BBC: Complaints over Clarkson strike comments reach 23,000
The BBC has received more than 23,000 complaints over Top Gear presenter Jeremy Clarkson’s remarks that striking public sector workers should be shot

To put this figure into some sort of perspective, Mr Clarkson’s original complaint was about what their unions claim were two-million public sector workers on strike this Wednesday.

That’s 23,000 complaints versus Clarkson’s two-million.

Parking mad

BBC: Councils lobby government to raise parking fines

… The British Parking Association argues that the differential between the cost of parking all day and the penalty charge for not paying it must increase in order for there to be a deterrent.

For one point, children, can you think of any other way of increasing the difference between the cost of parking all day and the penalty charge for not paying, other than by increasing the penalty charge?

Not exactly Pythagoras’ Theorem

I went to buy a book in Waterstones this week.
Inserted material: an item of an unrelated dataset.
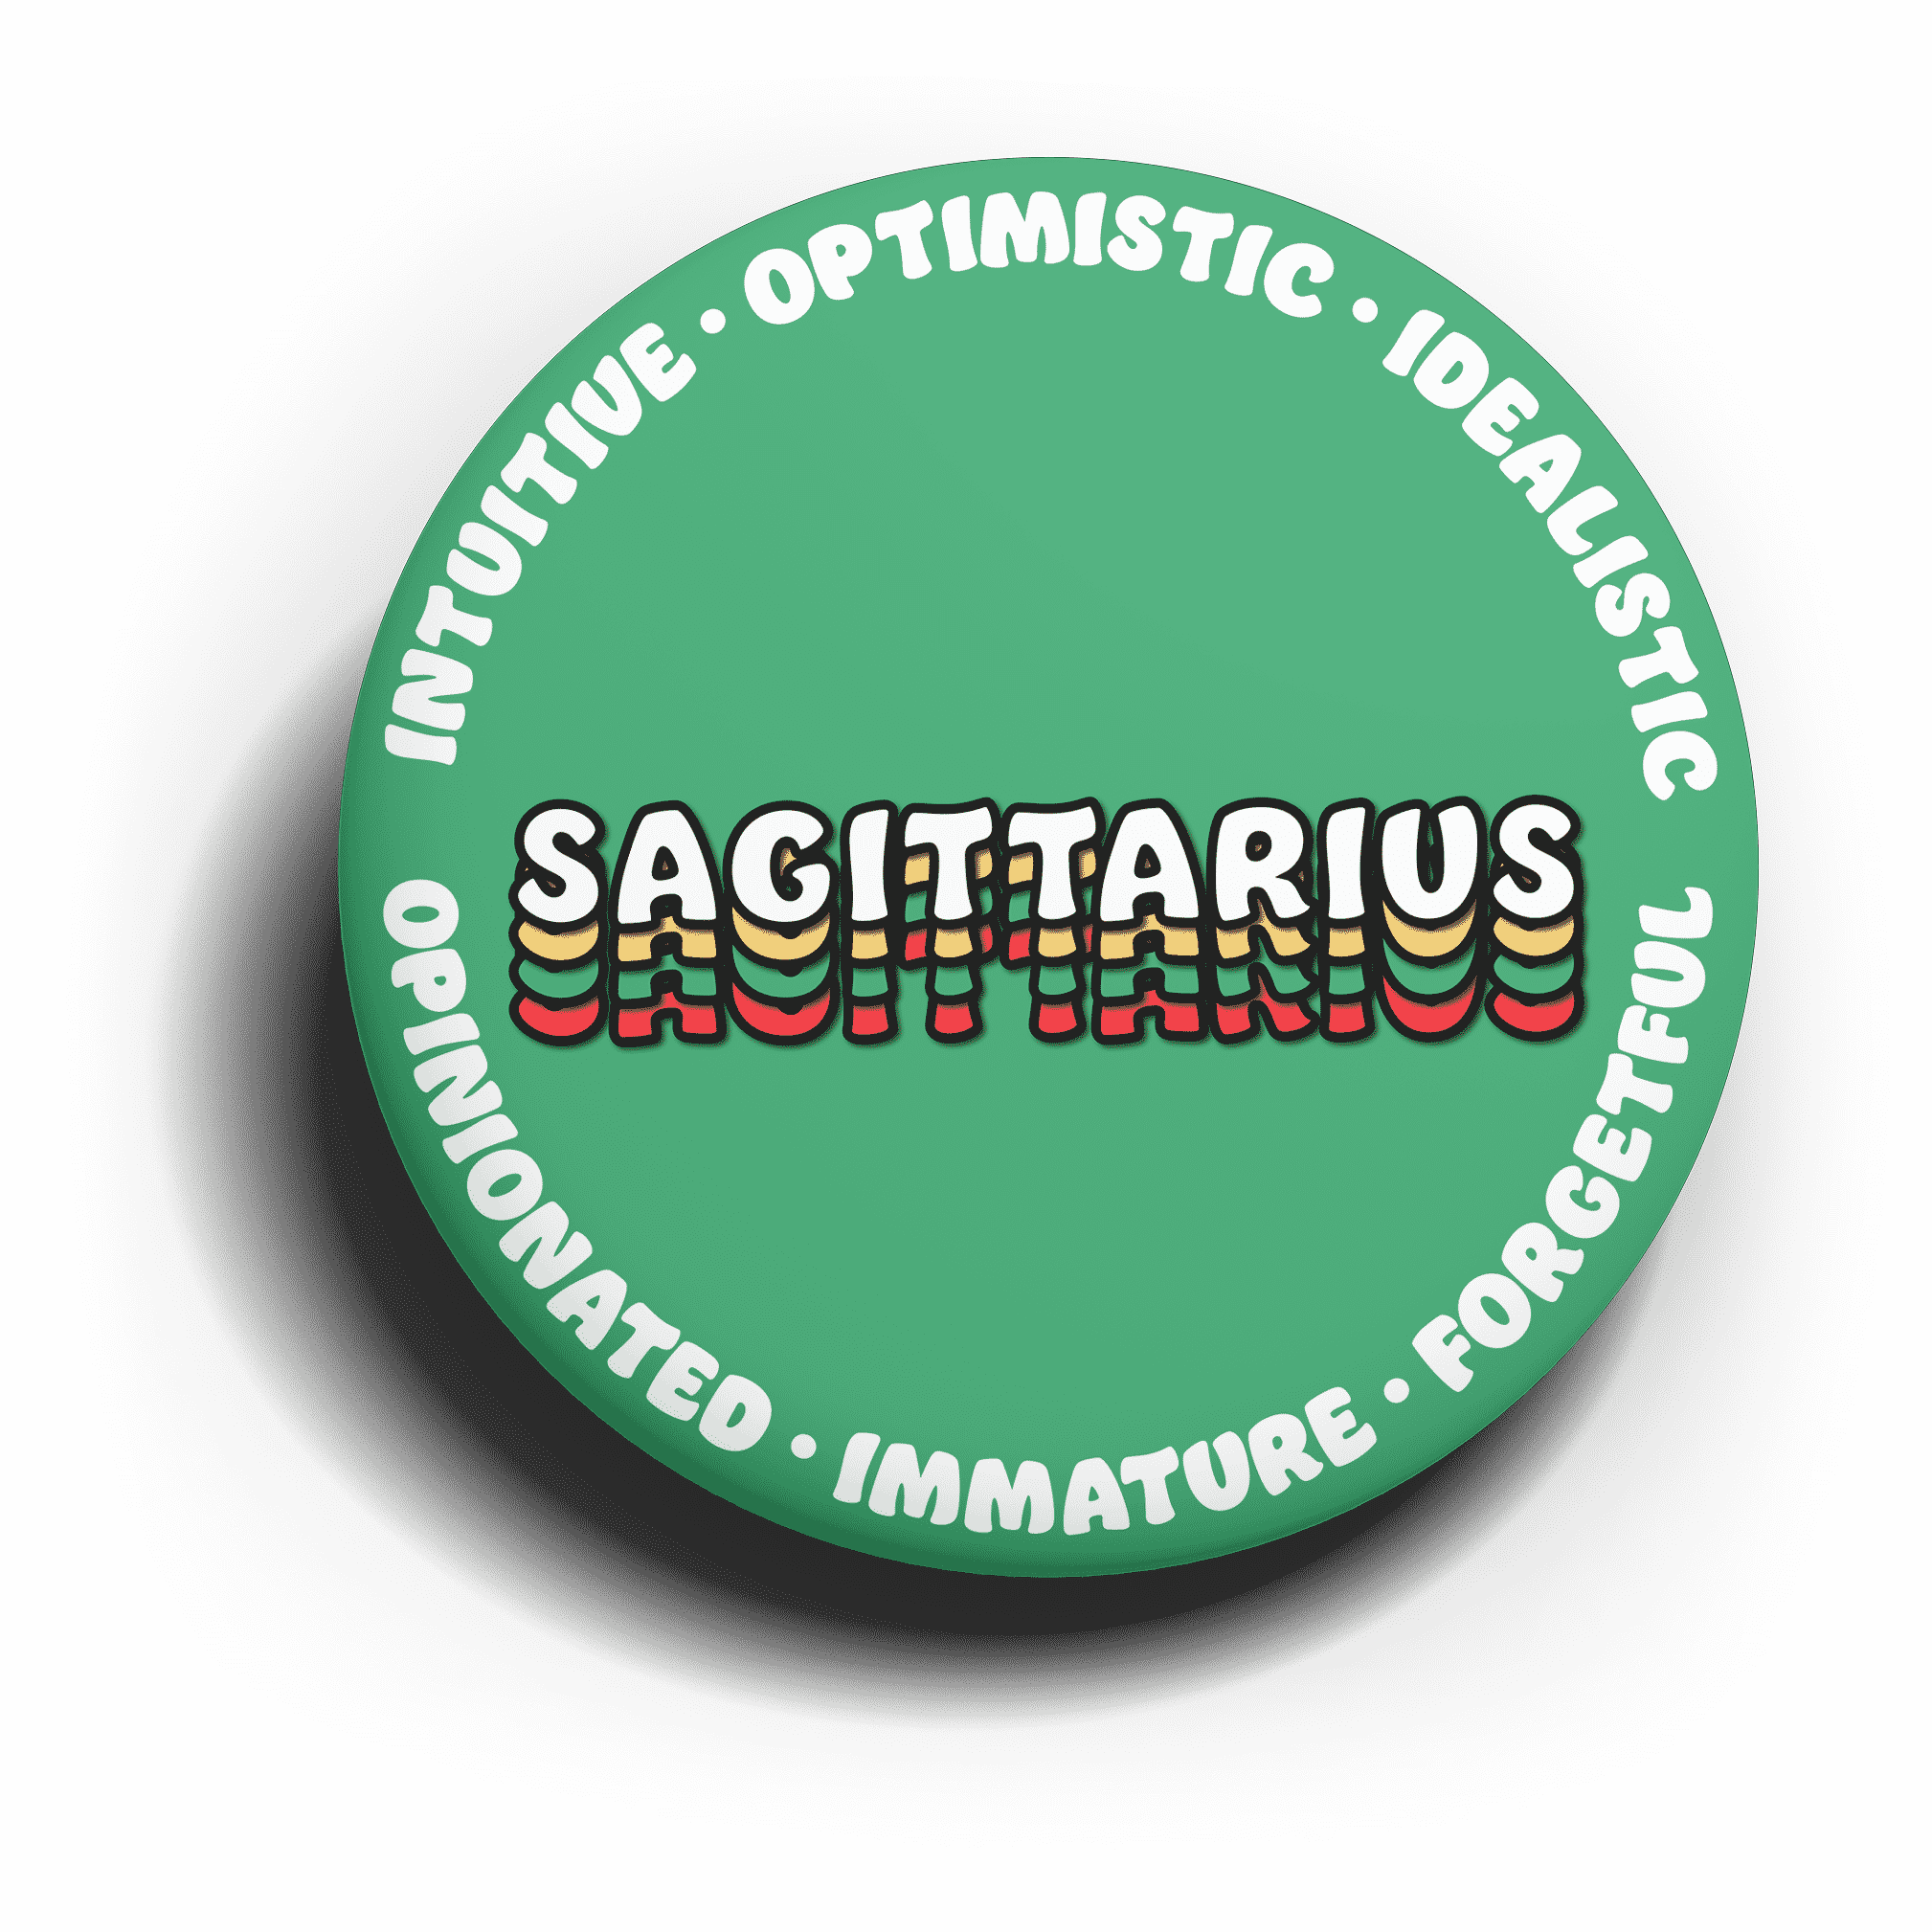 (Zodiac) Sagittarius Characteristics

Its recommended retail price was £25, but there was a sticker on the front saying there was £9 off. Woo-hoo!

The girl on the checkout zapped the book. “Oh, the computer hasn’t taken the £9 off!” she said, and she walked away.

I watched open-mouthed as the girl returned a minute later with a pocket calculator and began to punch in a calculation.

“It’s £16,” I said: “twenty-five minus nine is sixteen.”

“You’re right!” the girl said, clearly impressed. “I’m hopeless at maths.” I didn’t say that I could tell.

“The trick is to take off ten and add one,” I said. The girl looked at me as if I was from another planet. “Taking off ten and adding one is the same as taking off nine, but it’s easier,” I tried to explain. The girl looked back at me blankly.

So I paid my money and left.

Thinking about it afterwards, I should have pointed out that 9, 16 and 25 represent the squares on the sides on a classic Pythagorean 3, 4, 5 triangle.

That should have made it a lot easier.

322

That’s how many plastic bags were reused by the customers of the Prestwich branch of Tesco last week. Someone had hung a sign up telling us so. Every little helps, they couldn’t help adding, without a hint of irony.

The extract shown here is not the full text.